Las vías por donde transitó “El Jarochito” por algunos años todavía permanecen en el Parque Zoológico y Botánico Miguel Ángel de Quevedo, también conocido como Viveros. La locomotora de vapor a escala fabricada en Aguascalientes en 1980, que hoy permanece frente a la jaula de los animales rescatados, guarda la ilusión de aquellos que se subían y enloquecían con su silbato. 

“Lo manejaba un señor de apellido Zárate que era ferrocarrilero. Fue una maravilla en su tiempo”, explica Ricardo Cañas Montalvo, coordinador de la difusión de la historia y la cultura de la ciudad de Veracruz. 

Con 60 años de historia y múltiples cambios, el espacio manejado por la Dirección de Medio Ambiente y Protección Animal acumula en su interior historias de niños convertidos en adultos que extrañan el acceso a la Laguna de los Cocos, las albercas o el mirador. 

“Vine cuando yo tenía 15 años, y ahora que tengo 33 sí lo veo muy cambiado. Antes había un puentecito, me subí y me tomé fotitos, ahorita me quería subir para el antes y después, pero ya no está. También había más animales”, recuerda Floribel Hernández, originaria del municipio de Chinameca

Así como ella, decenas de adultos viajan con sus familias, sobrinos e hijos desde otros municipios para visitar, a veces, por primera vez el parque zoológico que alberga animales como un tigre de bengala y el árbol más antiguo de la ciudad: el gran huanacaxtle con una edad estimada de 250 a 300 años. 

Cines viejos

Los cines antiguos y desaparecidos en la ciudad de Veracruz representan la nostalgia para quienes crecieron con la llegada del séptimo arte en el puerto. Para los niños, recuerda Ricardo Cañas, lo más divertido eran las funciones de matiné implementadas como costumbre a partir de 1922, cuando cada viernes las primarias emitían la boleta de buena conducta que permitía a los infantes disfrutar películas gratis de forma seriada, es decir, dividida en partes para motivar el buen comportamiento en los niños y niñas. 
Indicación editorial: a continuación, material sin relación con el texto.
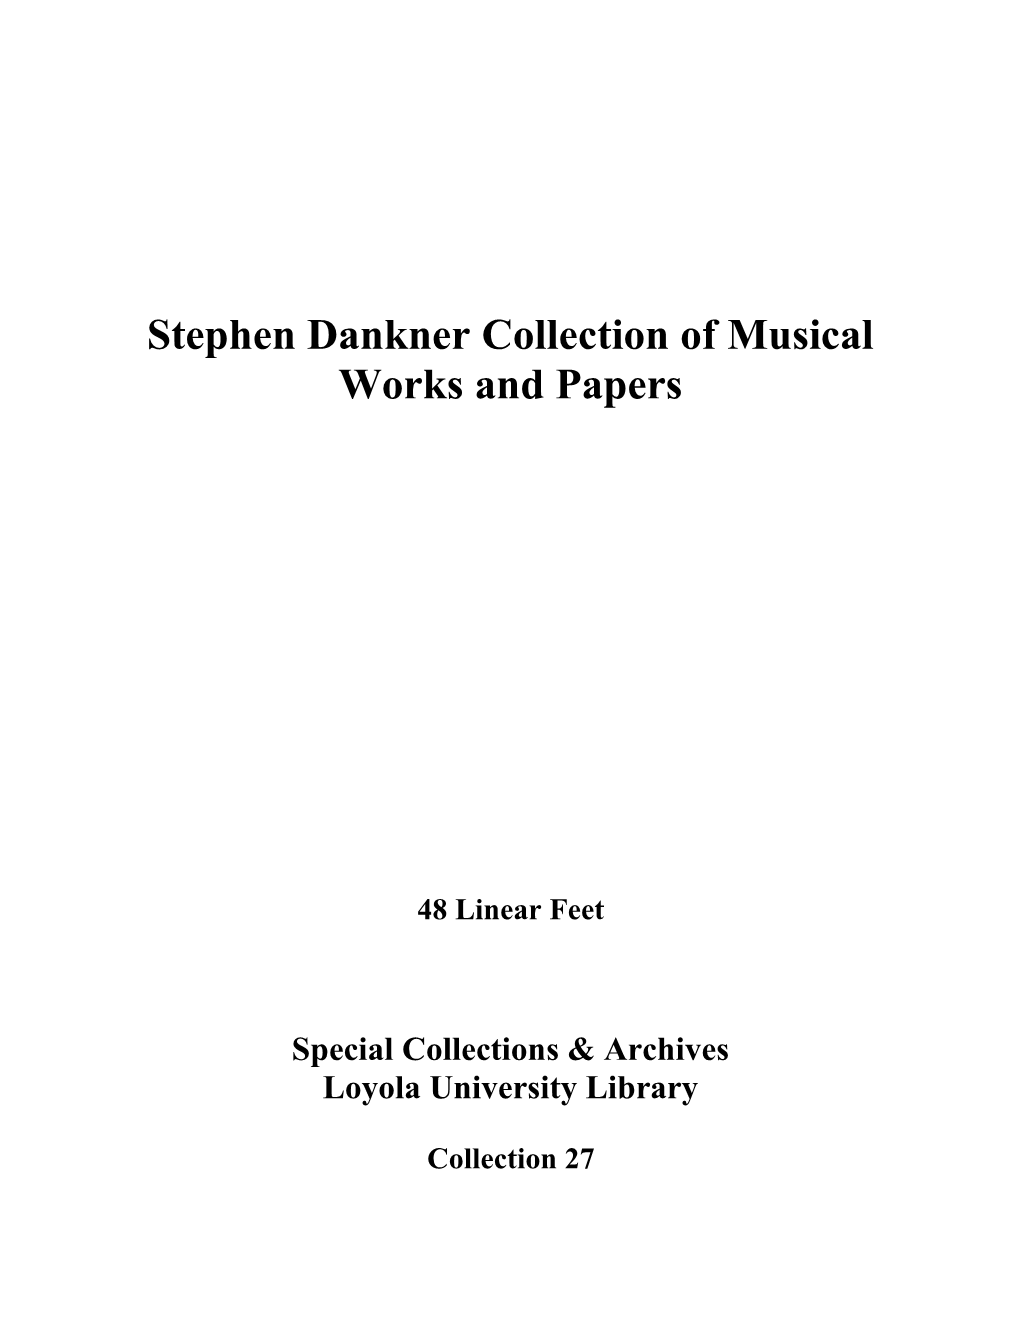 Stephen Dankner Collection of Musical Works and Papers

Desde entonces, cines como Díaz Mirón, construido en 1939; Variedades, de 1949; Reforma, Buñuel, Lux, Toña La Negra y Agustín Lara asentaron la cultura de disfrutar las películas frente a una pantalla grande en el puerto jarocho. Para los niños, explica Ricardo Cañas, el Cine Colón era el especializado con sus proyecciones de Walt Disney, inaugurado en los años de 1940. 

Sin embargo, todos ellos cerraron años después debido a la llegada de las videocaseteras y a los cines de franquicia, como Cinépolis y Cinemex, ahora únicamente presentes en centros comerciales que, con el tiempo, han disminuido su oferta matiné.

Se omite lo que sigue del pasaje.